Phil Fulmer

Phil Fulmer
The University of Tennessee Volunteers head coach Phillip Fulmer has been coach since 1993 with a record of 76-14.

By Gabe Correa - Smokey's Trail
Jan. 28, 2000

Phillip Fulmer enters his ninth season as Tennessee's head coach with a national title. The 98 season, Fulmer led the Vols to a 13-0 record. The Vols were undefeated going in the Fiesta Bowl as they won the first BCS (Bowl Championship Series), beating Florida State 23-16. Florida State was the No. 1 team in passing defense and the No. 2 in rushing, and scoring defense. The 1998 Tennessee Volunteers were a special team, because they played as a whole on both sides of the ball.
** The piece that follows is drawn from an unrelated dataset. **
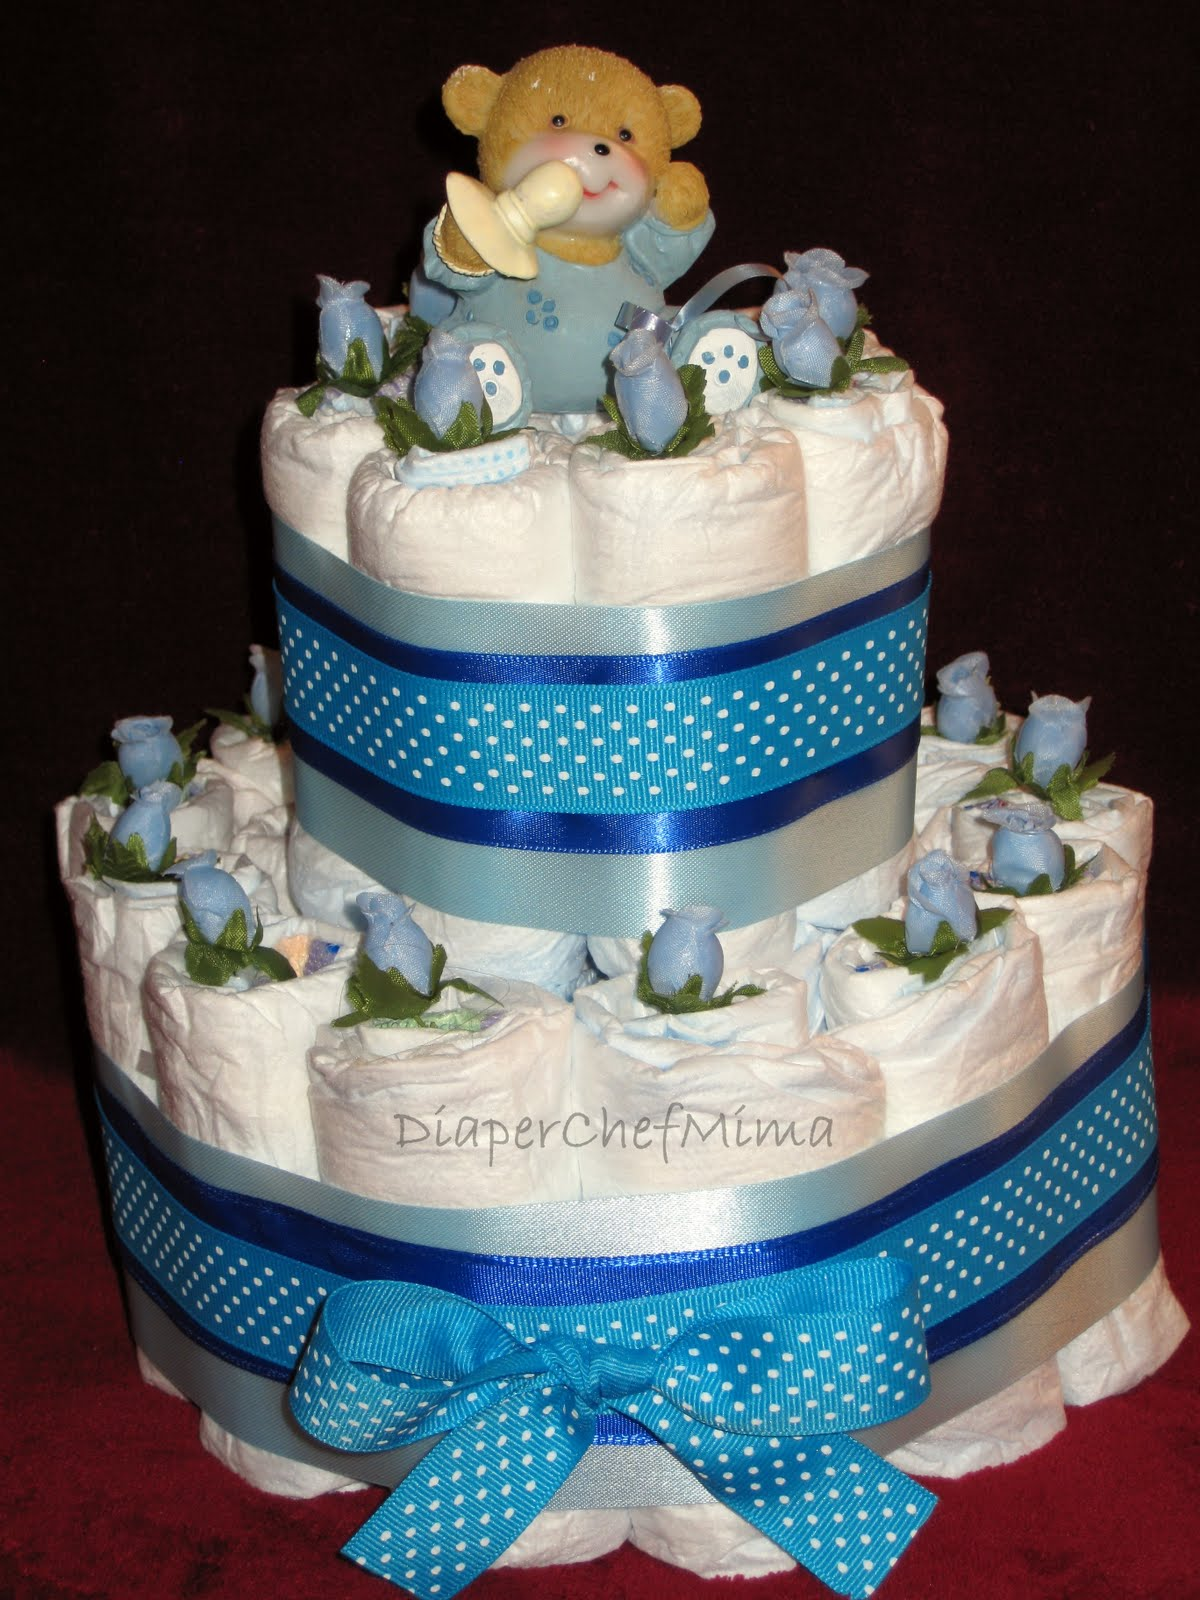 Diaper Chef Mima Baby Shower Diaper Cake Centerpieces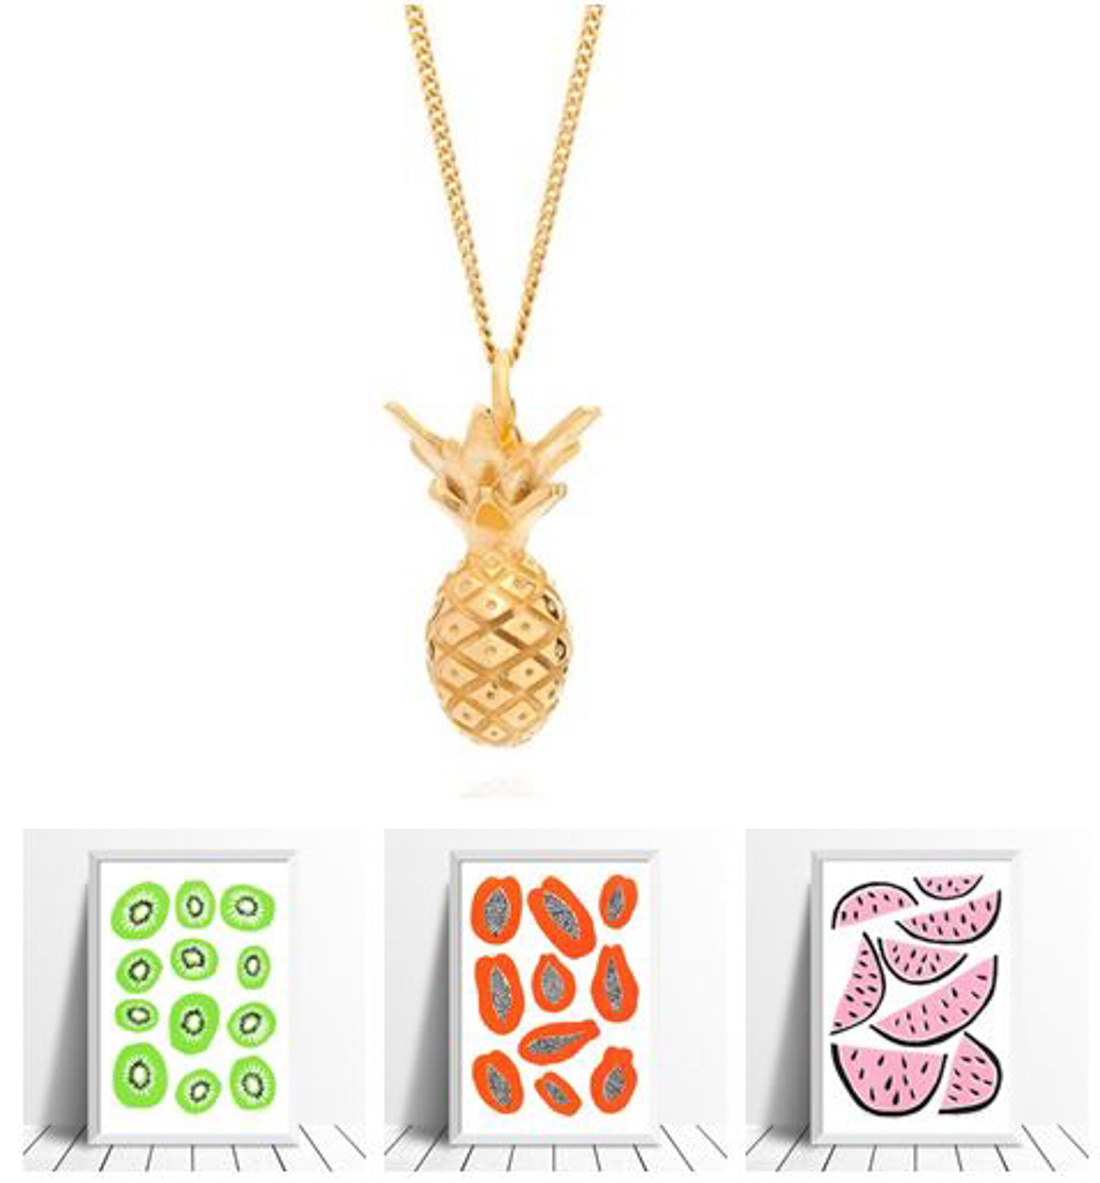 Pineapple necklace Lee Renee

They were underdogs in most of the 7 rank teams they played. They showed how you play football at it's best, with leadership, never say die attitude and with fierce defense each game. Fulmer, 48, became National Coach Of The Year in 1998 and has amassed an impressive record during his nine seasons at Tennessee. His .844 winning percentage is first in active Division 1A coaches .

Winningest Active Div. 1-A Coaches
Coach School Win Lost Tied Pct.
Phil Fulmer Tennessee 76 14 0 .844
Joe Paterno Penn State 317 83 3 .792
Bobby Bowden Florida State 304 85 4 .781
Steve Spurrier Florida 122 35 2 .777
R.C. Slocum Texas A&M 102 31 2 .766

Phil Fulmer Family
Phillip Fulmer and Vicky with
Brittany, Courtney, and Allison

Under Fulmer in 98 season, the Vols recorded their fourth top 10 finish and 10-victory season in a row. In 1998, Fulmer guided the Vols to a No. 1 ranking before the Fiesta Bowl and won the national title by beating Florida State 23-16.

With a 13-0 record in 1998, Fulmer brought his overall mark at Tennessee to 67-11. Only Bob Neyland and John Barnhill posted better winning percentages at Tennessee than Fulmer has at this stage of his career. Fulmer applauded his coaching staff and all elements of the squad who played a role in earning the Vols there second SEC Championship title since 1990. The Vols in 98 ended up with a 8-0 record in the Southeastern Conference.

Tennessee under Fulmer has shattered a batch of Vol records. In 1997, Manning, passed for 3819 yards, second highest single season record. SEC Championship Game MVP after 373-yard, SEC passing four TD performance. Set school record with 523 yards passing with five TD passes against Kentucky earning SEC Player of the Week . Thrown for at least 300 yards in nine games. Ranks third in NCAA history in career passing yards and fourth in touchdown passes. Peyton Manning broke 42 records in the 4 years at Tennessee.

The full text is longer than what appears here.